• **PROVIDED DATA**:
'''
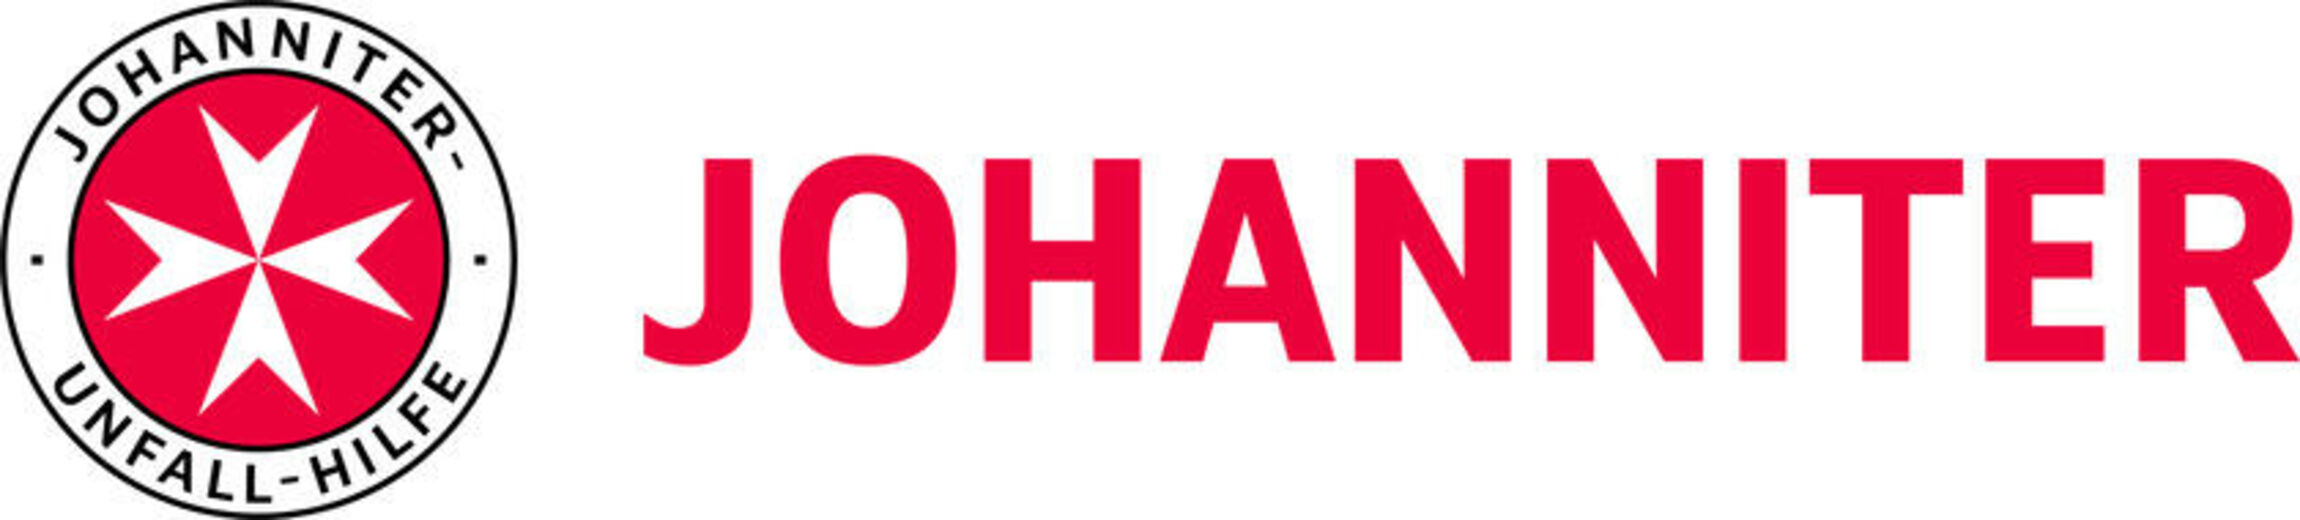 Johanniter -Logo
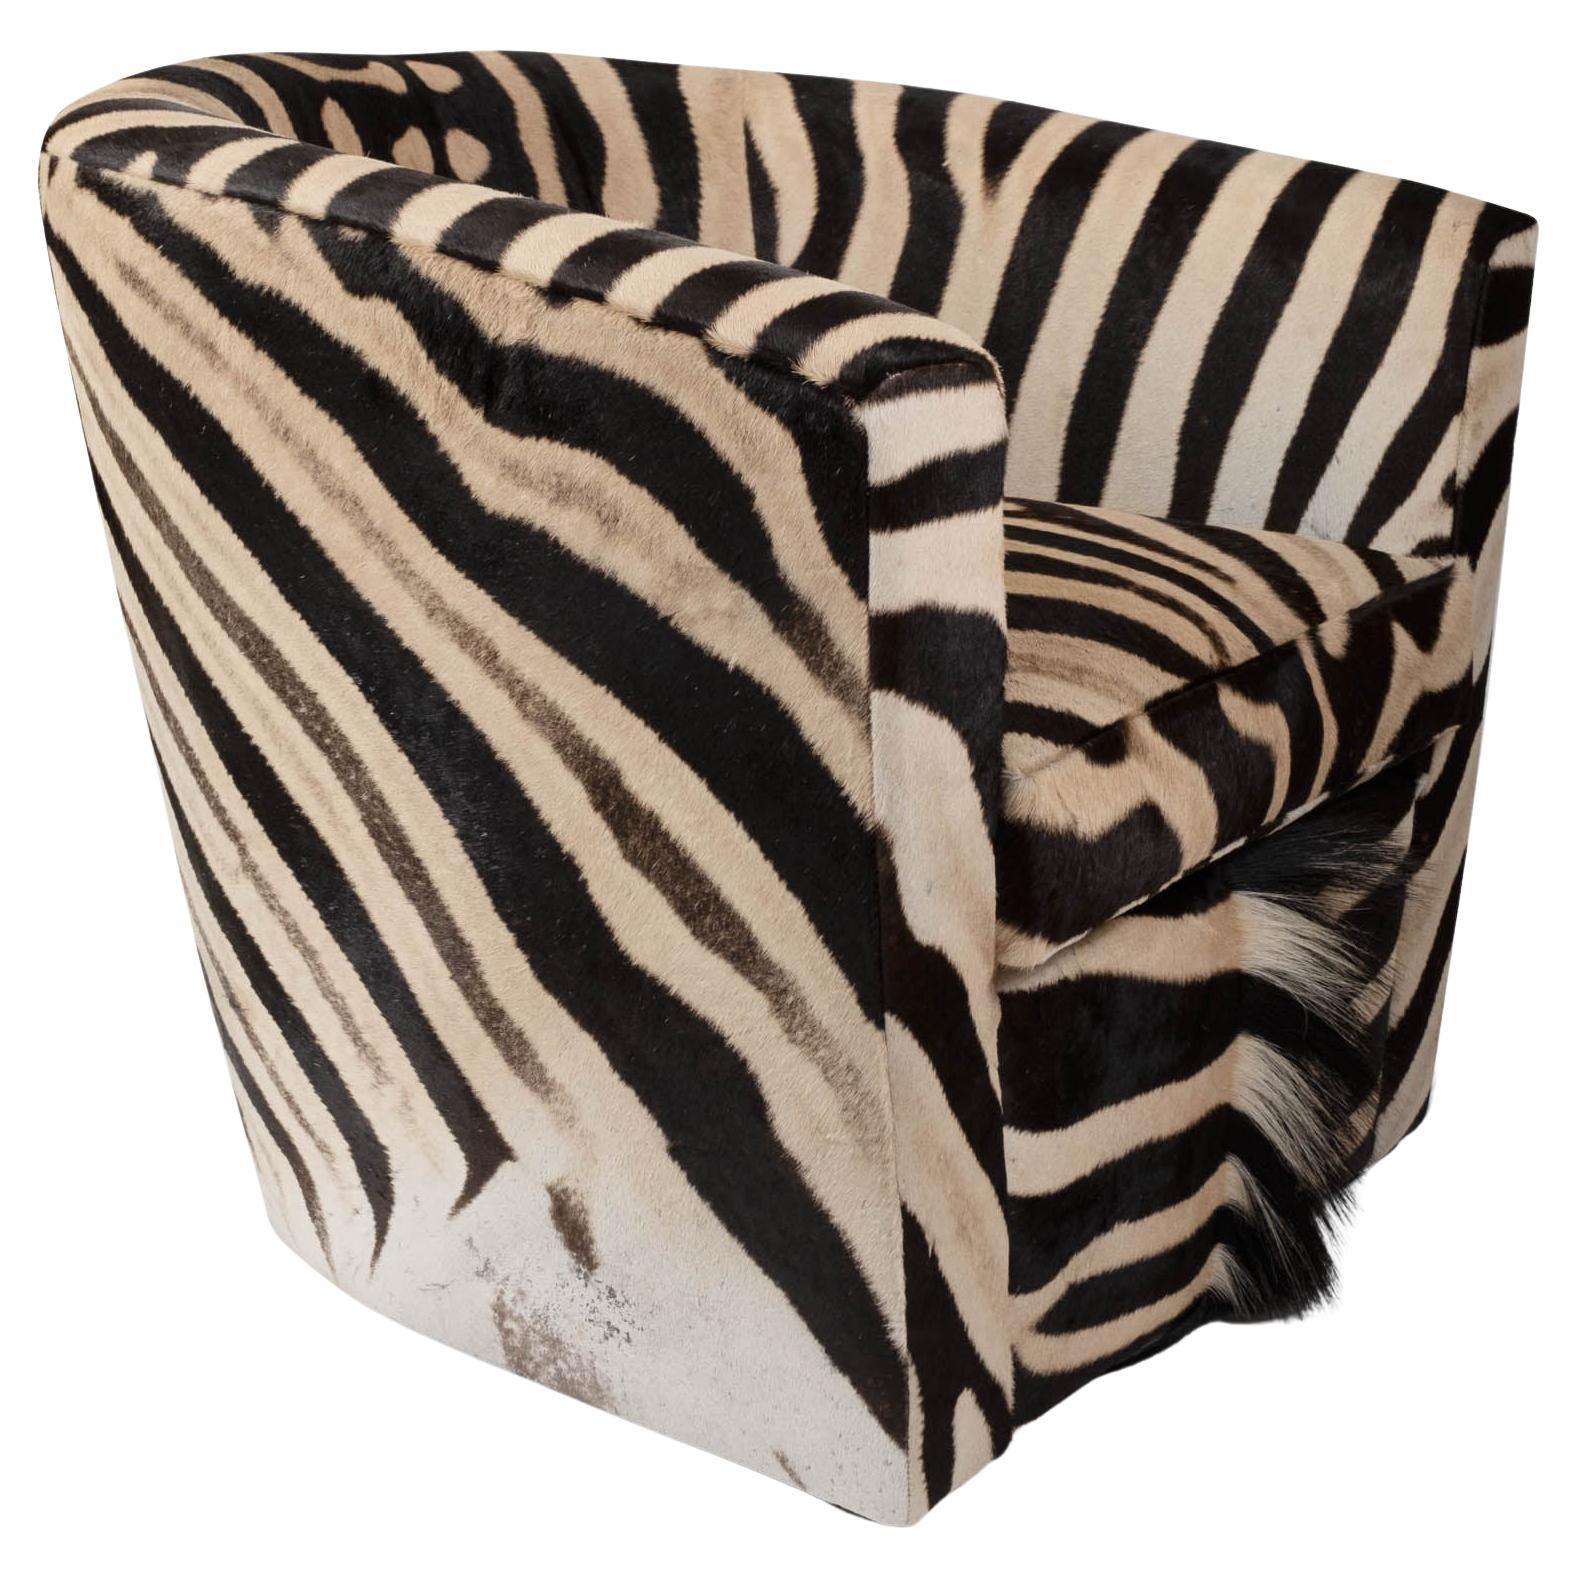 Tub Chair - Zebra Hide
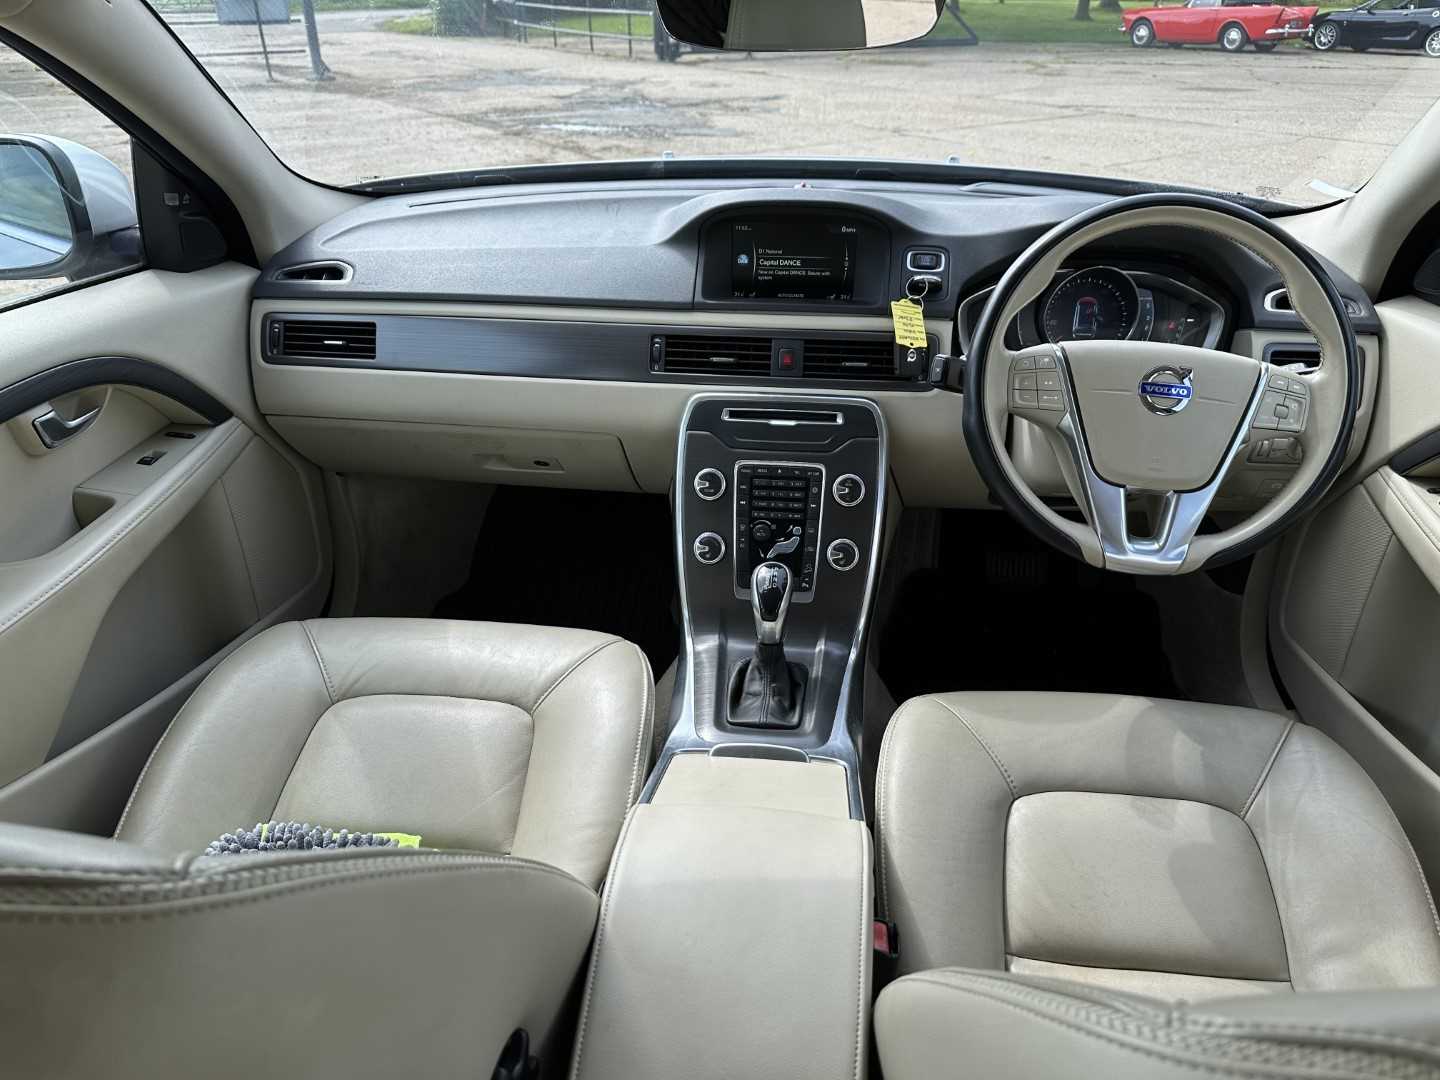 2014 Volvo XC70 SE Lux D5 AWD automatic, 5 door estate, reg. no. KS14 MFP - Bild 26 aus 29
'''
• **WHAT IS REQUIRED**:
Exactly the lines from the one with "Tub Chair - Zebra Hide" through the end of the listing above are to be repeated, with no pictures.

• **RESPONSE TO THIS TASK**:
 Tub Chair - Zebra Hide
 2014 Volvo XC70 SE Lux D5 AWD automatic, 5 door estate, reg. no. KS14 MFP - Bild 26 aus 29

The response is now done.